Achieving million-token-per-second throughput requires careful configuration across multiple dimensions. The setup typically involves multiple GPU instances running vLLM servers, with specific attention to batch sizing and memory management.

A typical deployment configuration looks like this:

from vllm import LLM, SamplingParams

llm = LLM(
    model="Qwen/Qwen2.5-72B-Instruct",
    tensor_parallel_size=4,
    gpu_memory_utilization=0.95,
    max_num_batched_tokens=65536,
    max_num_seqs=256
)

sampling_params = SamplingParams(
    temperature=0.7,
    top_p=0.9,
    max_tokens=512
)

The tensor_parallel_size parameter distributes the model across multiple GPUs, essential for the larger Qwen variants. Setting gpu_memory_utilization to 0.95 maximizes available memory for the KV cache, while max_num_batched_tokens controls how many tokens vLLM processes in a single forward pass.

Continuous batching represents the critical innovation here. Unlike static batching where the system waits for a full batch before processing, vLLM continuously adds new requests to the batch as slots become available. This dramatically improves GPU utilization, particularly when handling requests of varying lengths.

Community Reactions and Validation

Developers deploying these configurations have reported substantial improvements over alternative serving frameworks. Benchmarks shared on GitHub show vLLM with Qwen 3.5 achieving 3-5x higher throughput compared to Hugging Face’s text-generation-inference on identical hardware.

The open-source community has contributed numerous optimization guides and deployment templates. One particularly detailed resource at https://github.com/vllm-project/vllm provides production-ready configurations for various Qwen model sizes and hardware setups.

Some practitioners note that achieving peak throughput requires balancing multiple factors. Extremely large batch sizes can increase latency for individual requests, even as overall throughput climbs. Production deployments often target 80-90% of theoretical maximum throughput to maintain acceptable response times.

Broader Implications for AI Infrastructure

This level of performance fundamentally changes the economics of running large language models. Organizations can serve the same user base with fewer GPUs, or scale to dramatically larger audiences without proportional infrastructure expansion.

The implications extend beyond cost savings. Lower latency and higher throughput enable new application patterns that weren’t previously viable. Real-time content generation, high-frequency API calls, and interactive multi-turn conversations all become more practical at scale.

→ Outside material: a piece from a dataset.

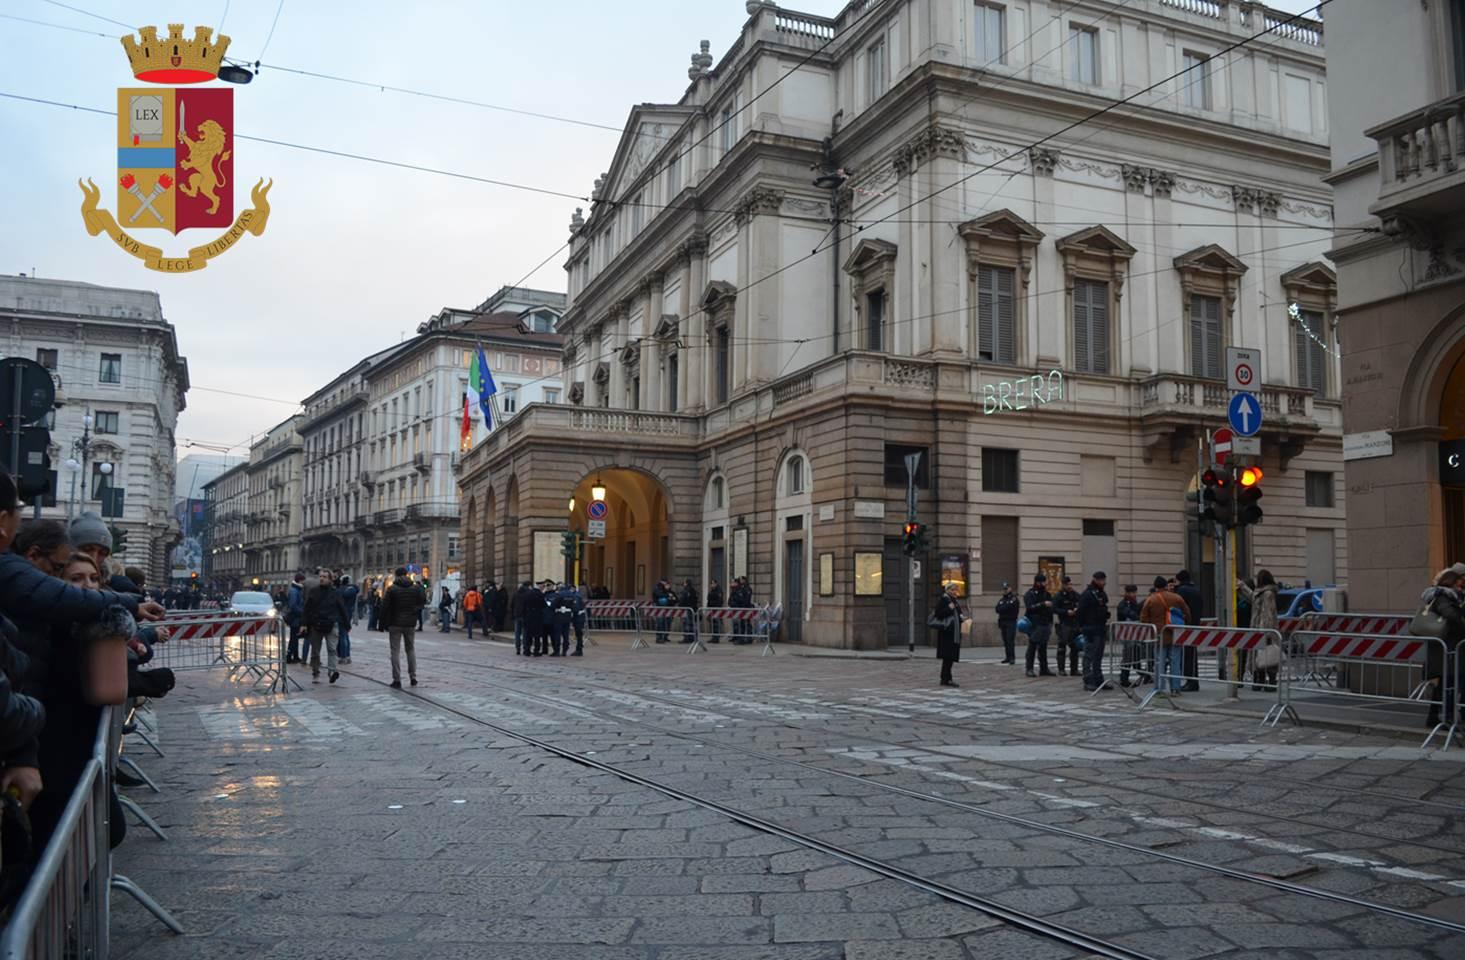 Polizia di Stato - Questure sul web - Milano

For the open-source AI ecosystem, these results narrow the gap between proprietary and open models. When deployment efficiency improves this dramatically, organizations can run sophisticated open models with total costs approaching or beating API-based solutions. This shifts the build-versus-buy calculation for many AI applications, potentially accelerating adoption of locally-hosted models where data privacy and control matter most.